[Collection entries]
########################################
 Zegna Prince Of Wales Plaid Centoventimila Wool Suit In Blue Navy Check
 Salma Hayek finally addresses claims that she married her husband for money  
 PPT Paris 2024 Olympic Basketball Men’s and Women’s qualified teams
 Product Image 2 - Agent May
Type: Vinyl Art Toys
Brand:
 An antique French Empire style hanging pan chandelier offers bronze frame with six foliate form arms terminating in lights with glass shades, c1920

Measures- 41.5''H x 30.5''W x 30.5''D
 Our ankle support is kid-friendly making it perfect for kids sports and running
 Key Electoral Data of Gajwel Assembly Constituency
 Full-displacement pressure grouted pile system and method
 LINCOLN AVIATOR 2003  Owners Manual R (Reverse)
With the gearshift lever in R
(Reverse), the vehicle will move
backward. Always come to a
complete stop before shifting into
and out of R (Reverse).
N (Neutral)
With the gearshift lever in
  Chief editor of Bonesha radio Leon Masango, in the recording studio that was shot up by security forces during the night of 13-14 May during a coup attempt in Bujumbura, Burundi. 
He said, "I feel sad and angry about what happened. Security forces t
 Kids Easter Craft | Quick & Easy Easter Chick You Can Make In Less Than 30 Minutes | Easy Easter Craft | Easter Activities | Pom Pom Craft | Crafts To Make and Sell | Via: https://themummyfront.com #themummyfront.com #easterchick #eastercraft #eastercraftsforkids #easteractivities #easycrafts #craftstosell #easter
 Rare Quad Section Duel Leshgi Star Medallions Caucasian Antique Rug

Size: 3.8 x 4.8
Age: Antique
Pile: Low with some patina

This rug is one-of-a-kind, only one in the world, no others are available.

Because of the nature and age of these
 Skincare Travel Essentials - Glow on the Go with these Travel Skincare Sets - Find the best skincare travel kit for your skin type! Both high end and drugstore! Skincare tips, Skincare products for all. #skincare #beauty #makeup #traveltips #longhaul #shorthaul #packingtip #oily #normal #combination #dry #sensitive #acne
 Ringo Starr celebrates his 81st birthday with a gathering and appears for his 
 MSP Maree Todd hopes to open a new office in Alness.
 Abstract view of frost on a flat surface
########################################
Pull out all lines containing the word "Reverse" from the entries above.

 LINCOLN AVIATOR 2003  Owners Manual R (Reverse)
(Reverse), the vehicle will move
and out of R (Reverse).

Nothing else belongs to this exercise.